Why was yesterday different? Well, I want to sell something on eBay, and in order to do that, I really should buy something and get a rating or something like that. So. I did it. In fact, before I knew it, I bought FOUR things. For a few minutes, I thought it was only two items, but upon closer inspection of my account, it was definitely four. And I’m bidding on something else. . .
So what does this have to do with the book? Well, three things. First, you can buy some books very inexpensively on eBay. Second, you can sell them back if you want to. And third, it’s better not to resist things. You might unleash something powerful when you stop resisting (like an eBay binge . . . )

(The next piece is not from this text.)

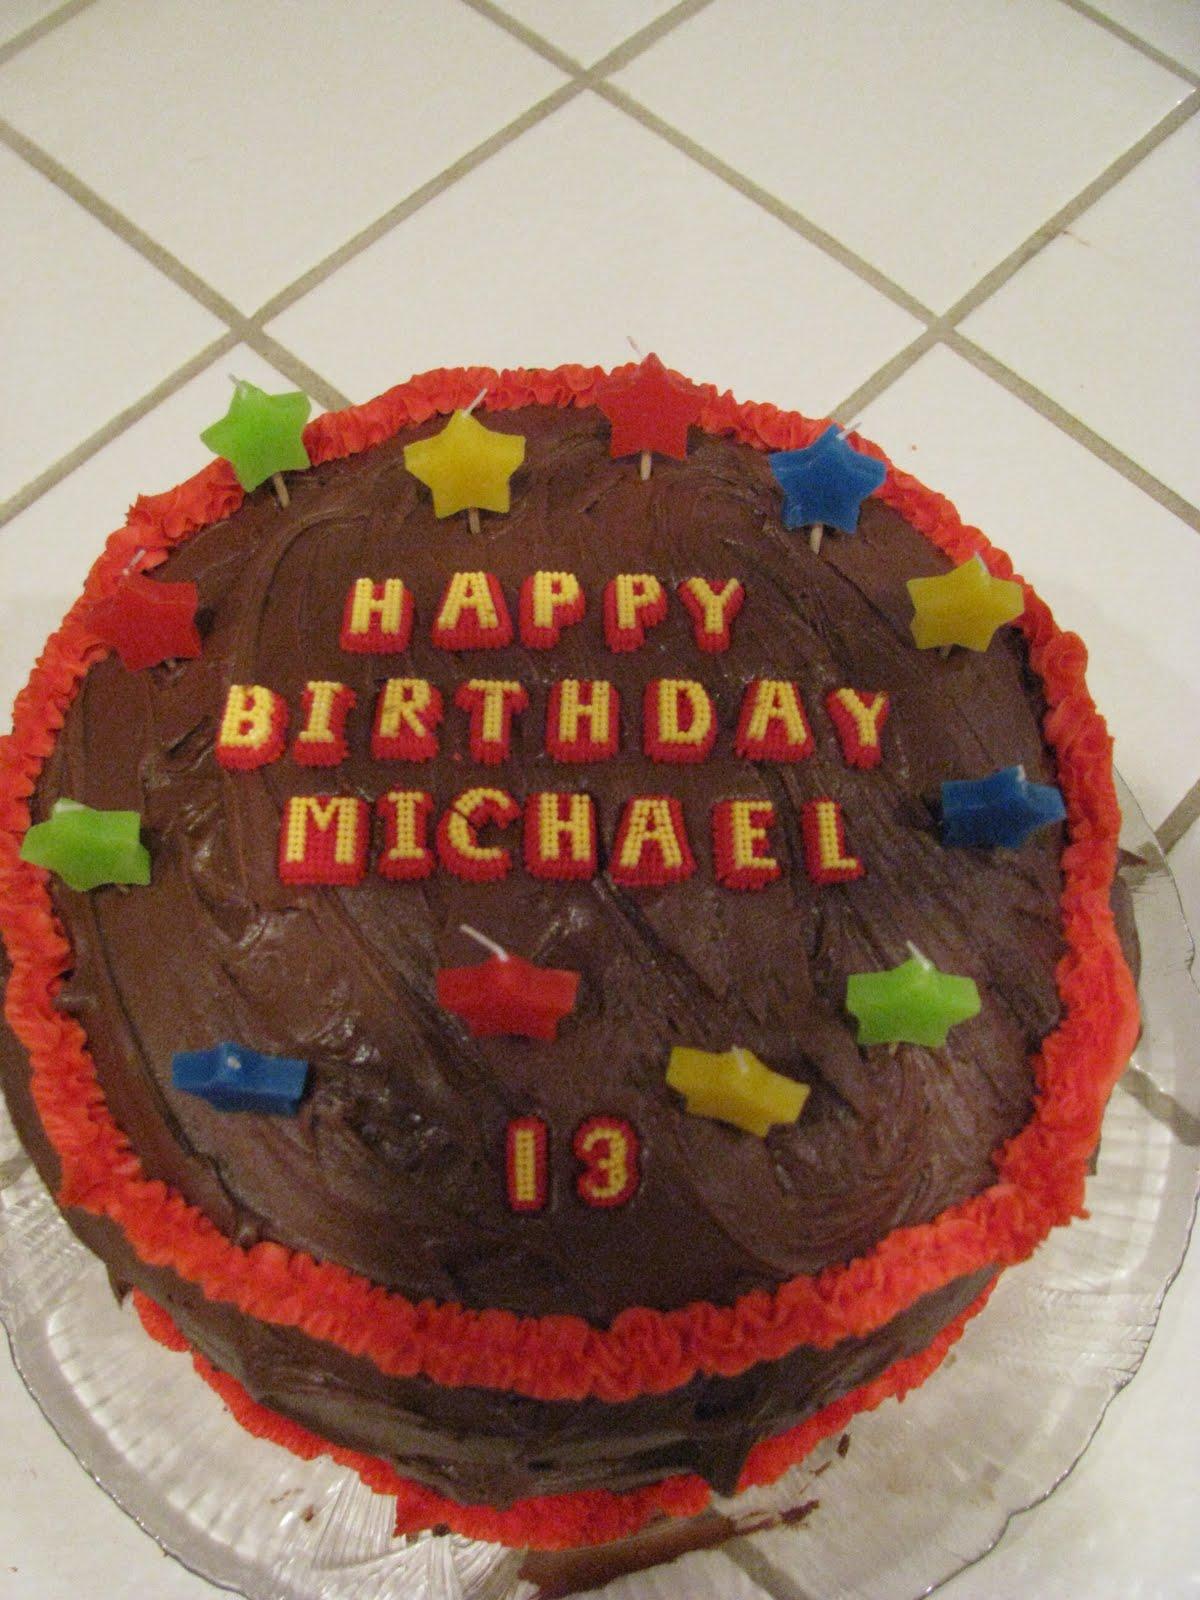 Family of Four: Happy Birthday Michael!

The One Thing Holding You Back by Raphael Cushnir (Harper Collins, 2008) is about making progress towards your dreams. Cushnir says that if you aren’t living your dreams, it’s because you need to find the emotions related to the dreams, and let yourself experience them.

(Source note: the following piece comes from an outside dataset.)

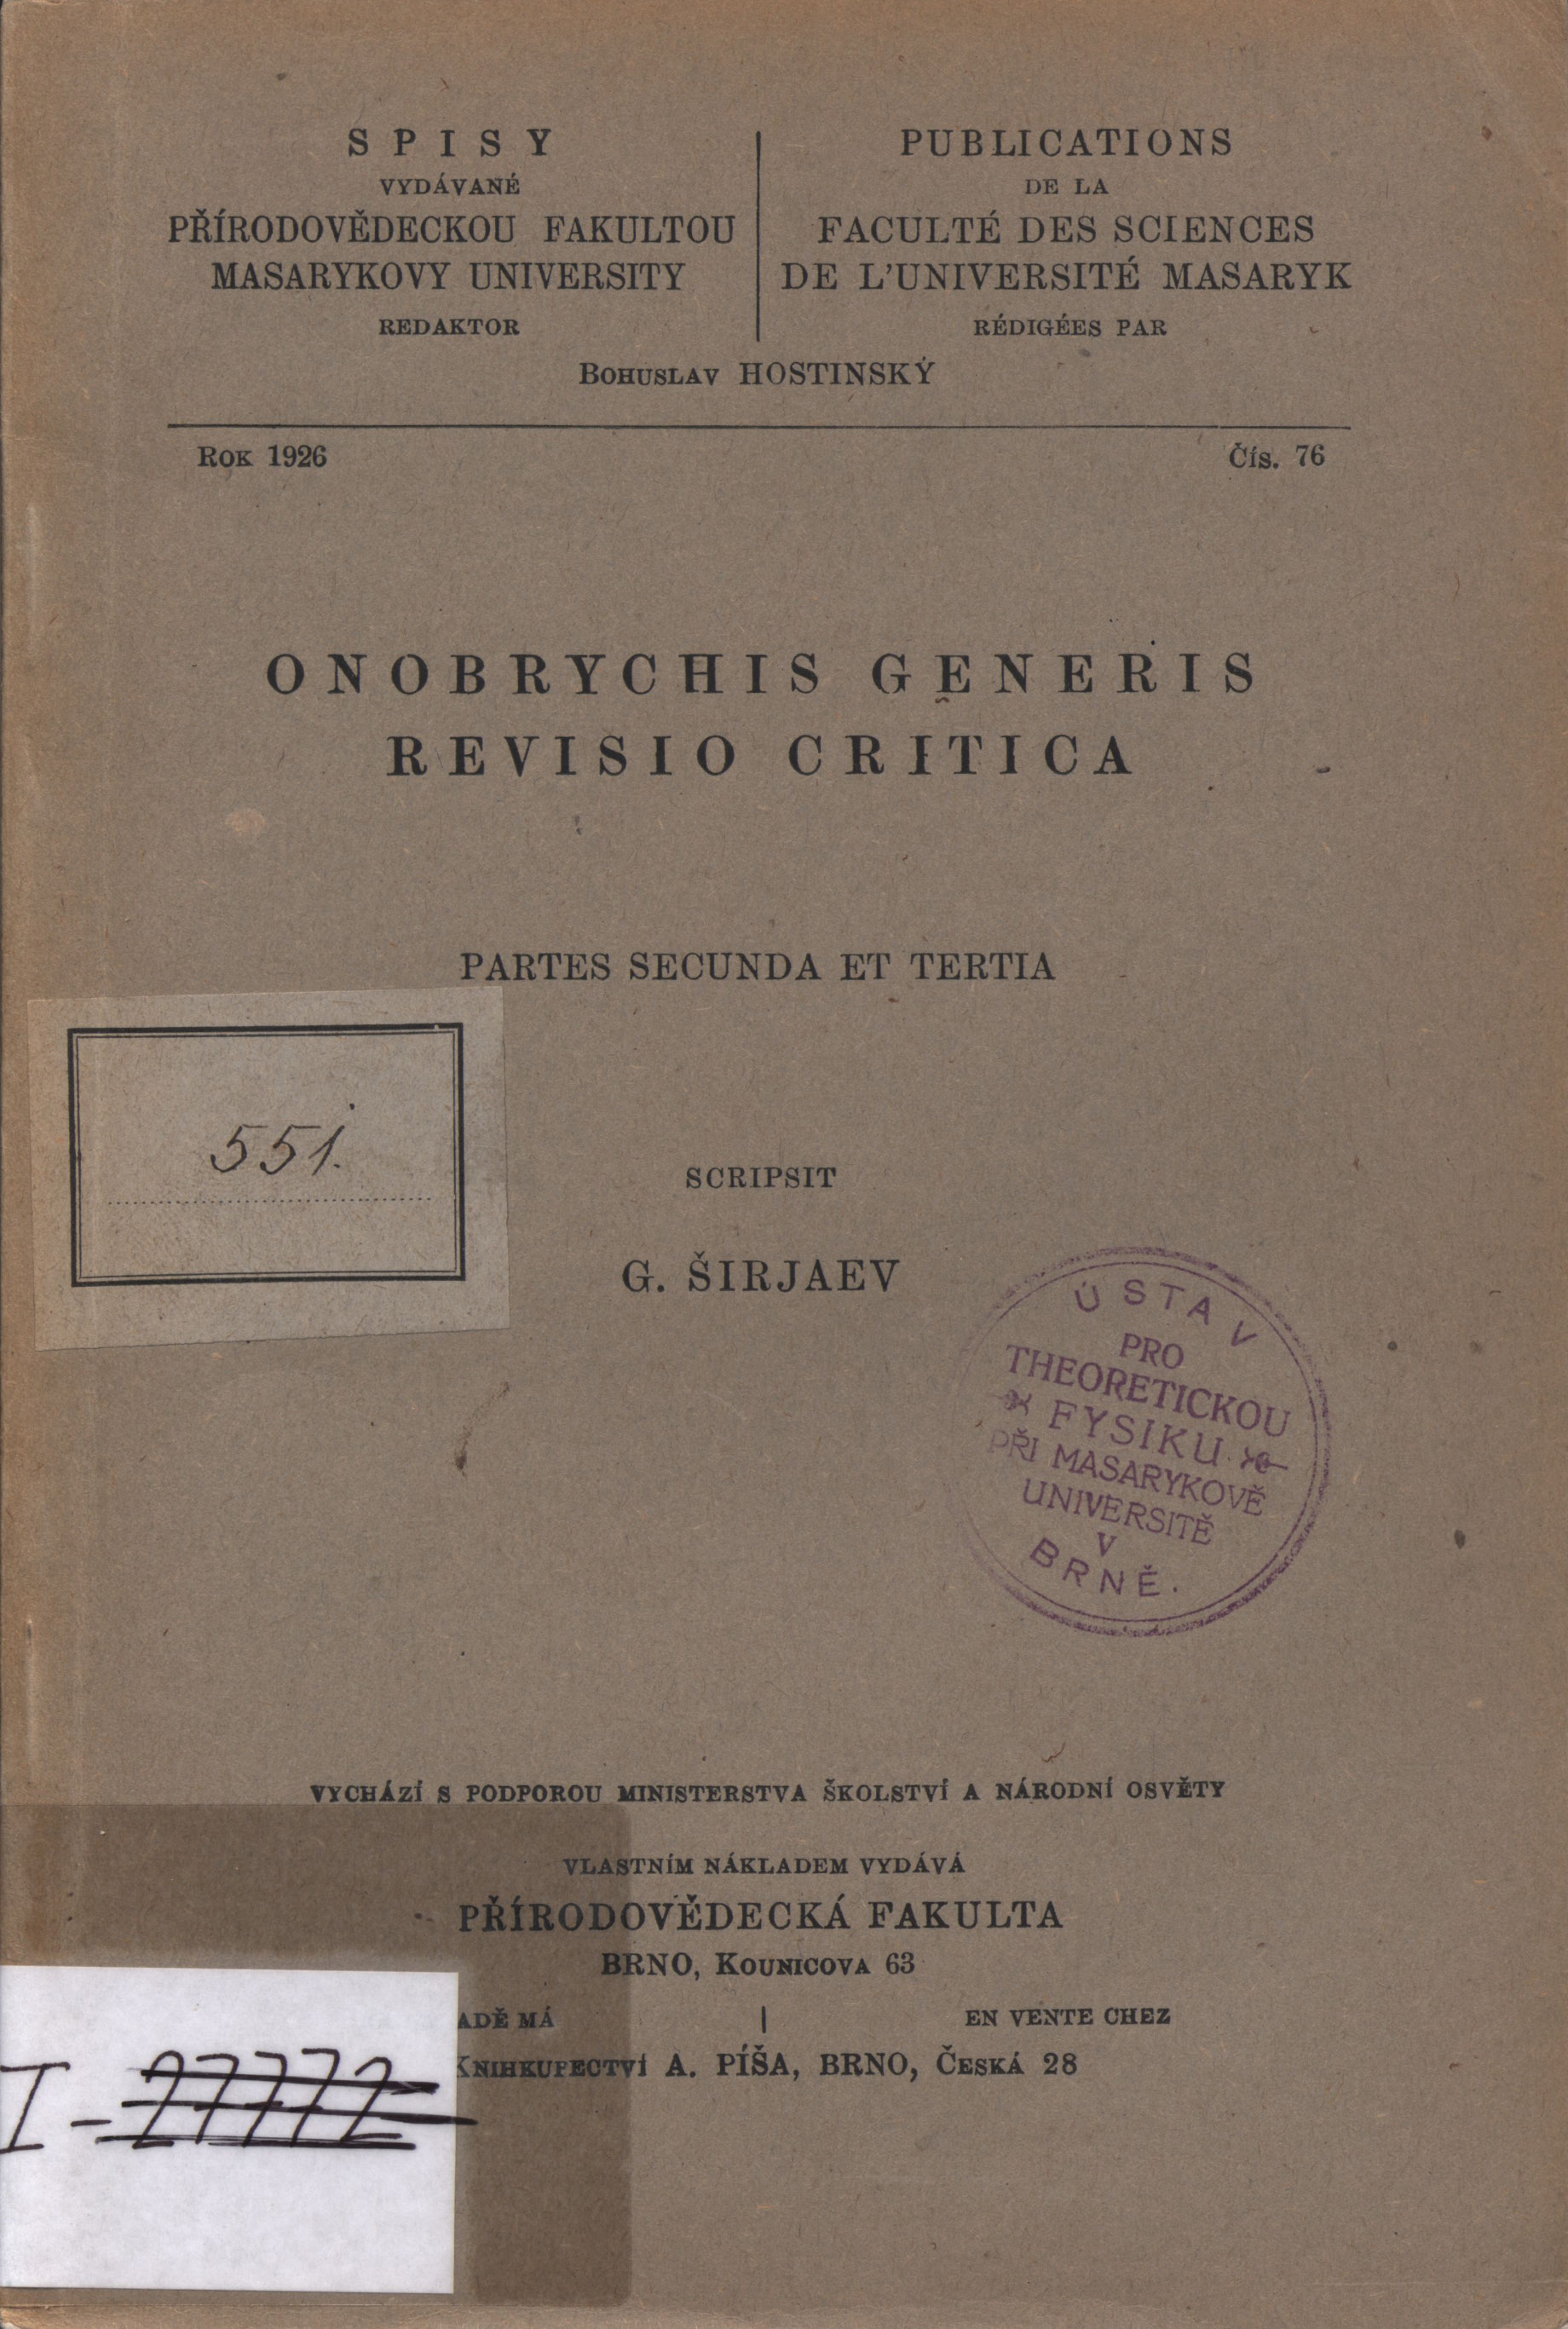 Obálka pro Onobrychis generis : Revisio critica. Partes secunda et tertia

When you stop resisting feeling an emotion that you’re trying to avoid, you make an emotional connection, and the results that you see will be profound.
Cushnir sees the resistance to emotions as “the one thing holding you back”.
We tend to protect ourselves from getting hurt, and in doing so, decrease our chances of reaching our dreams. We don’t want to fail, so we don’t experience the feelings of failure, which means we can’t experience success.
I haven’t read far in the book yet, but my interpretation is that in order to win, you must be able to feel the emotions of losing. There is no sweet without sour, no happy without being willing to experience sad.
Emotions tend to give us more information about ourselves that we would rather repress. The image I get is of a child. A child is more likely to admit to how they are feeling, because they haven’t learned how to hide things as well as adults. As we grow, we tend to cover disappointments up, and become resigned or frustrated because we can’t make progress towards what we want. But we aren’t making progress, because we’re covering up.
I wouldn’t want to sit in a lot of miserable emotions, but I don’t think that’s what Cushnir is asking. Maybe it’s more to do with being able to be human, to make mistakes, and to feel what you feel. I’ll keep you posted if I’m on the right track . . .
I am not planning on buying any more books on eBay until I have read the ones I already have, but I am not resisting eBay — just in case you’re wondering.